Another example that we’ll all understand: you remember 737 Max? What a fiasco. People died, it was clearly a broken system. The federal aviation administration that we have believed in was protecting us and our safety has undergone regulatory capture by Boeing. Because it has the responsibility to both regulate aviation and to promote aviation and travel.

Now we go to the CDC. The CDC has two core missions that relate to vaccines: promotion of vaccine uptake and oversight of vaccine safety.
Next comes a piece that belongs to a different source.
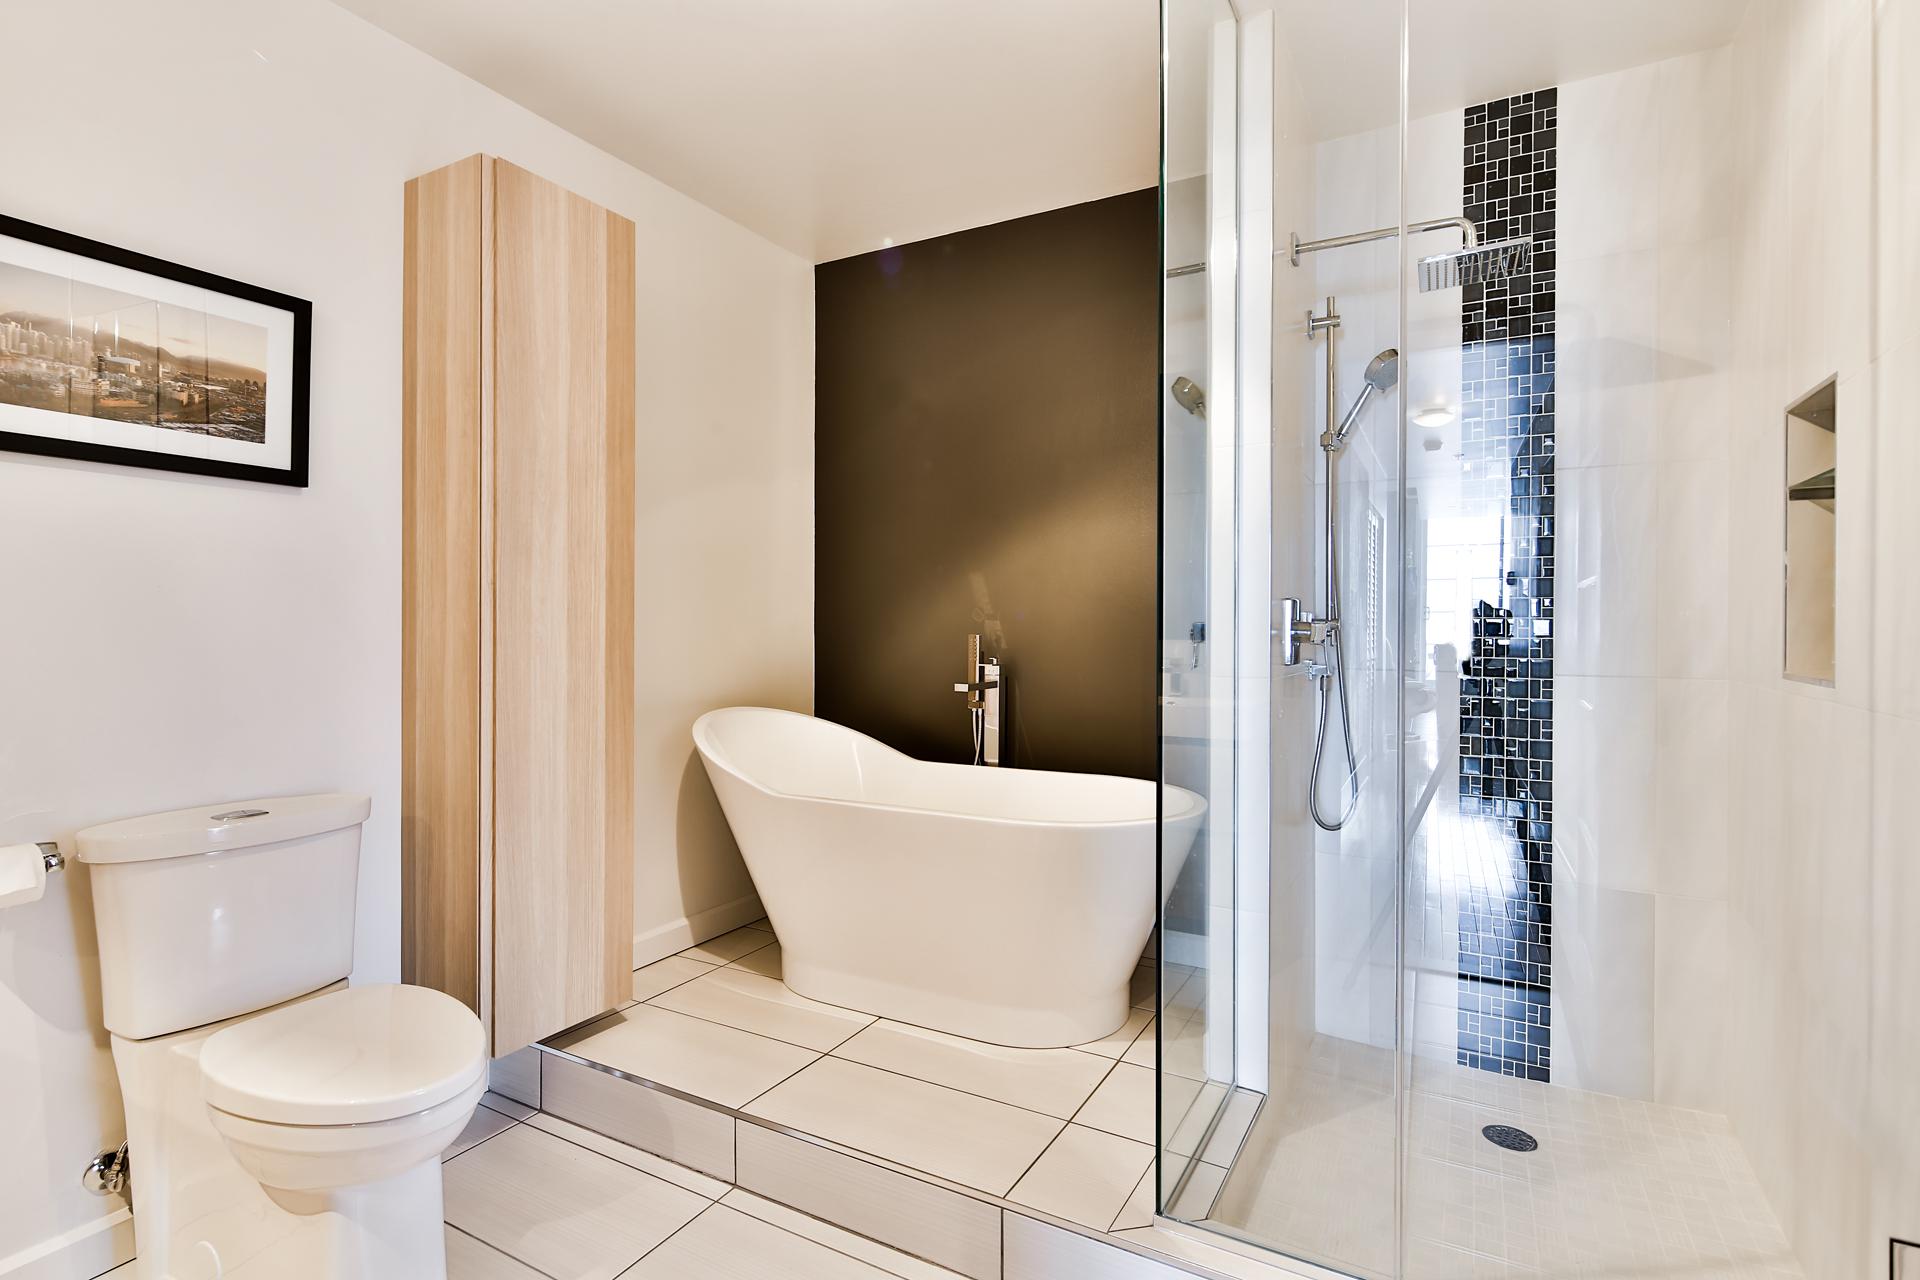 design cuisine 02. Black Bedroom Furniture Sets. Home Design Ideas

And most of the money that they’re getting in this outbreak is to promote vaccines and so the people that are supposed to be monitoring safety are underfunded. No surprise then they don’t have the personnel and the time and the staffing and the capabilities to analyze the safety signals. But the promotion people are all over the media talking to CNN and everything else.

And then we come to the FDA. As I just said the industry has convinced the US legislature to shift the costs of regulating drugs to the pharmaceutical industry. This reminds me, I don’t know if you know the story of Br’er Rabbit and the Briar Patch. This is a common American Southern story. Br’er Rabbit is a character and he gets caught and he’s gonna get eaten by the wolf and he tells the wolf « Don’t throw me in that Briar patch, that would be horrible. » And in fact that’s where Br’er Rabbit lives, it’s in the Briar Patch. It’s like the pharmaceutical industry saying « Don’t make us pay » and then they own the FDA. So that’s kind of the situation we’re in and frankly we let it happen. The question is what can we do about it now and I’m not sure.

Veronika Kyrylenko : That was actually my next question. When and how do we step in because clearly, you say, the government and the CDC and FDA are so profoundly corrupt that they have this willingness to engage in what is actually human experimentation with this vaccine.

Dr Robert Malone : You’re dead on. This is the largest experiment performed on human beings in the history of the world and it’s being driven by, it’s being enabled by a regulatory structure that is not designed to protect us. It’s designed to protect the pharmaceutical industry and promote the pharmaceutical industry. And that pharmaceutical industry in the United States which charges much more money to us than it does to most other nations – our cost for our drugs is huge compared to most nations – they generate all this revenue and they use that revenue, it’s weaponized to control our legislature and to control our regulatory bodies.

And where do we go from here? There’s a short term answer and a long term answer. And forgive me but I’m gonna riff on this. Over the short term we all face this problem. We’re being controlled through fear. That’s another thing that’s controlled, it’s the media’s now all owned, the legacy media. We’re constantly bombarded by messages from CNN and The New York Times and The Washington Post and all of the standard outlets about how horrible this virus is and we’re all gonna die if we get infected from this.

And when I got infected in late February of 2020 and I was deep in the data and I knew exactly what was going on in China, I was afraid I was going to die. But this is way later. Now we know the statistics. We know that for almost everybody watching this, your risk of death or hospitalization is a fraction of a fraction of one percent. You’re not gonna… for most of you there’s no way you’re going to die from this. What you will do is develop natural immunity. So we got to fight that whole fear thing. And for our children, if your children are otherwise healthy, they have virtually a zero percent chance of getting hospitalized or dying from this virus. They have some really strong immune systems. So we got to fight that and then the truth is that we’re looking at Delta Plus moving into the population throughout the world this winter

Veronika Kyrylenko : Delta Plus?

Dr Robert Malone : Delta Plus. I just come back from Hawaii and just to illustrate the point, there are two monoclonal antibody cocktails available in the United States right now for early treatment. One of them is produced by Regeneron, the other is produced by some other companies. And the federal government notified Hawaiian Public Health that they would no longer allow importation of the other monoclonal antibody preparation into Hawaii because it was not active against Delta Plus and over five percent of the Hawaiian cases are now Delta Plus. And so they would only allow Hawaii as a state to buy the Regeneron cocktail because the other one’s no longer effective. Why? Because the virus has evolved to escape those antibodies just as it’s evovled to escape these vaccines. These vaccines are for a virus that is no longer circulating. They are what we call mismatched.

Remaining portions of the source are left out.